Она забормотала, охая и цепляясь за стены, побрела к двери в смежное купе. Качало ее преизрядно, выглядела тощая франконка на редкость жалко. Пришлось идти следом, рассматривать ее поношенное платье, к тому же изодранное на рукаве и на спине.
– Это что?
– Так это… ну, я сама порвала, чтобы потом ясно было, что он раз – и в порыве страсти, – шепотом, прячась от меня за створку шкафа, сообщила нелепая соблазнительница. – В Ликре же дико живут… Я еще думала укусить себя за руку, но не вышло, он меня плохо слушался, много внимания уходило.

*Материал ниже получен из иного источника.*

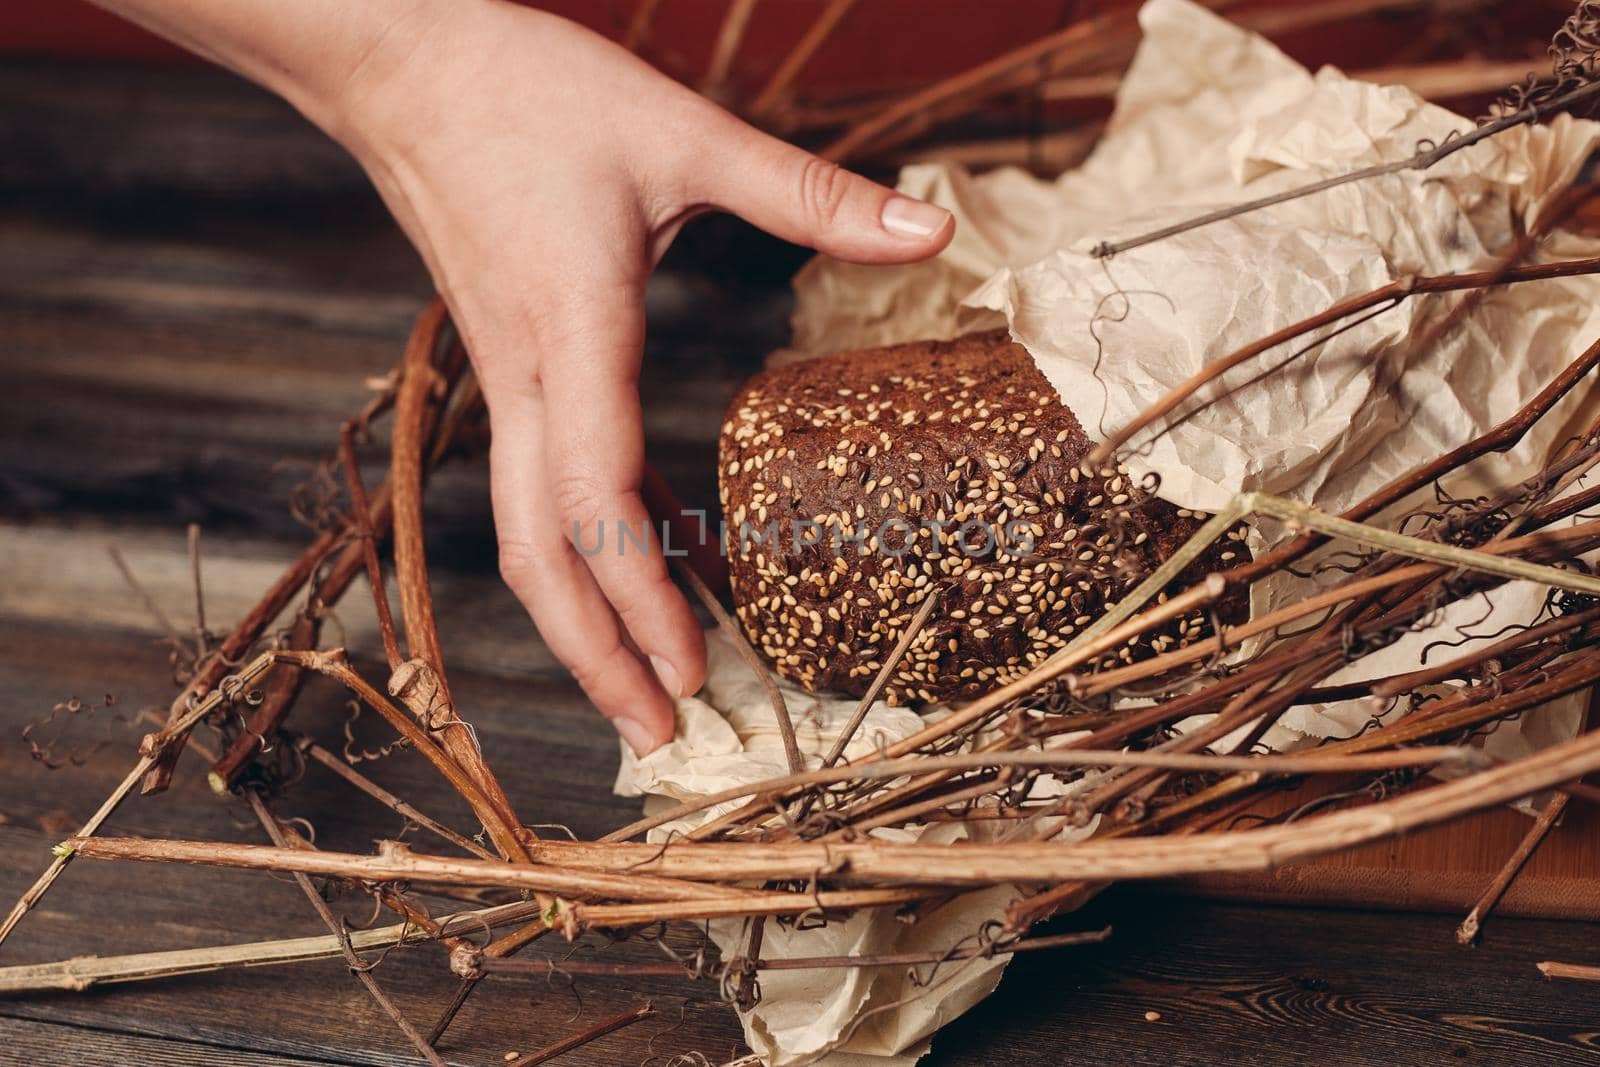 packed rye bread lies in a bird's nest on a red background by SHOTPRIME
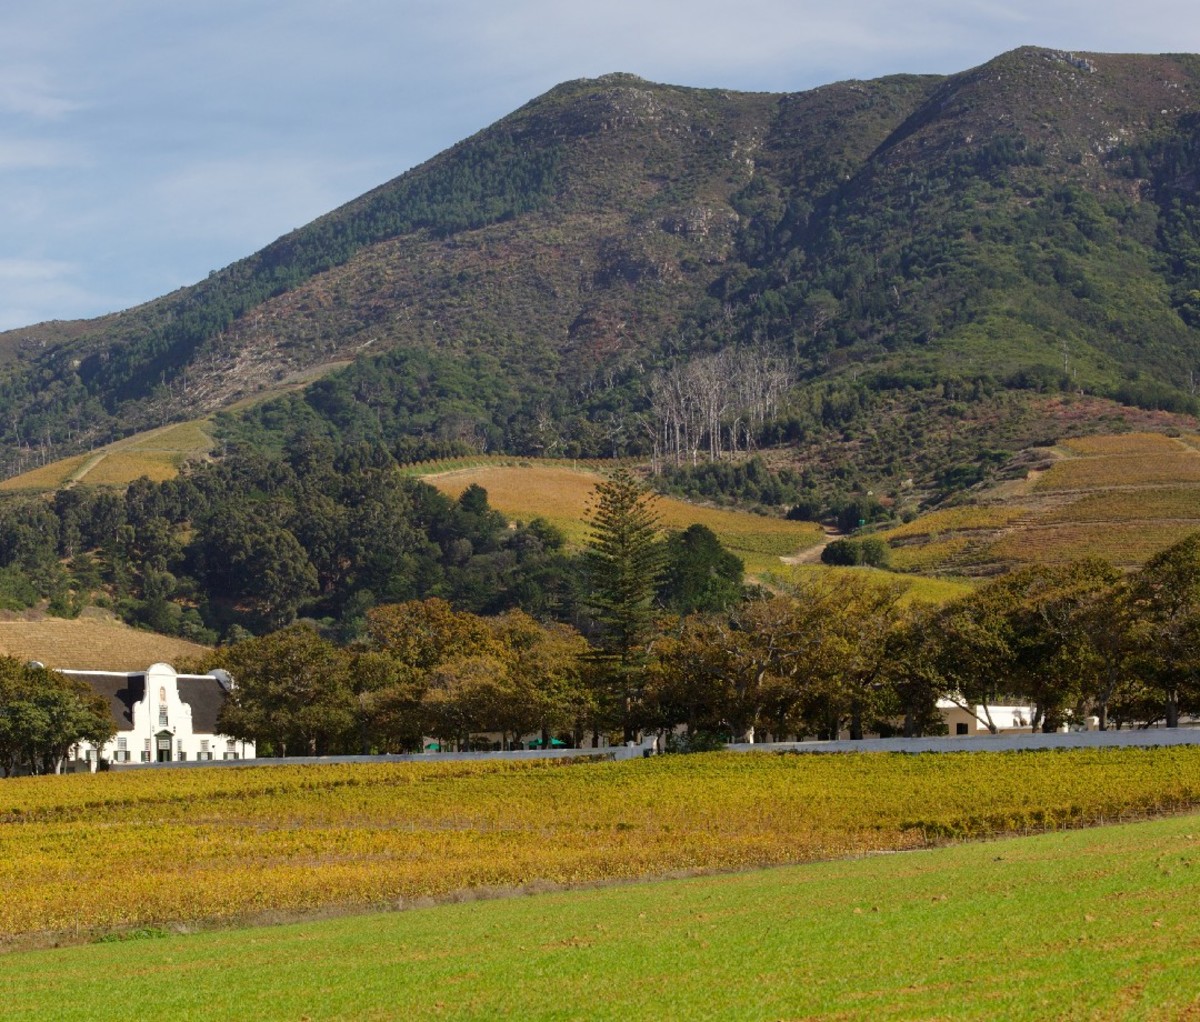 Groot Constantia property, one of South Africa's foremost historical monuments.

Я выбрала для нее толстые теплые чулки, юбку на широком поясе со шнурками, такую удобно подгонять по фигуре. Бросила одну блузку, достала сумку и сложила туда еще две, вязаную кофту, белье. Выбрала пальто, свое старое. Шарф. Шляпки было жаль – все хороши, и я засомневалась, пока что нехотя расставаясь с ненужными перчатками.
– Это что, мне? – не поверила франконка. – Так ведь я тебе враг…
– Ты дура, – фыркнула я, отбросив остатки злости. – Мне не пристало заводить столь слабых врагов. Держи. И вот еще сумочку, кошелек, деньги. Шляпку выбери сама, мне все жаль. Быстрее!
Она цапнула маленькую с вуалеткой, само собой. Я сразу решила, что именно эту было отдать жальче иных, отвернулась и зашагала в соседнее купе. Это франконское недоразумение тащилось следом, шепотом благодаря и уже начиная всхлипывать… Нежные они, хрупкие в душе, а все одно – сволочи. Широты в них нет и понимания того, что есть настоящая беда и настоящая вина. Впрочем, Шарль-то другой, просто я в обиде, поводов к тому много, хотя за Семку я самую малость уже расквиталась). И тут добавилось новое огорчение, позорно-девичье, из-за шляпки: поди ее теперь верни или раздобудь такую – Элен покупала, вещица штучная.
Петров уже стоял у дверей с саквояжем, второй наш маг сидел у стола, бледный и встревоженный. Ему только что сообщили новости, еще не привык. В паре охраны он – второй номер, младший, хотя по таланту и не слаб, просто опыта не набрал еще. Марк Юнц его хвалил, говорил – поисковик неплохой, хоть и не его специализация. Зато весьма ловок в иллюзиях и по редкой для магов стихии специализируется – плотной, как они это обозначают. То есть в плане обороны человек бесценный. Постановка щитов, отражение осколков, усиление брони – его прямое занятие.
– Полин, поезд останавливается, – сказала я строго. – Я провожу до тамбура и скажу, когда выходить: так вас не заметят. Петров снимет блокиратор, и тогда уж сама решай, куда тебе и с кем… Только учти: сделаешь еще одну гадость мне или тем, кого я считаю своими, и обрежется твоя удача под корень.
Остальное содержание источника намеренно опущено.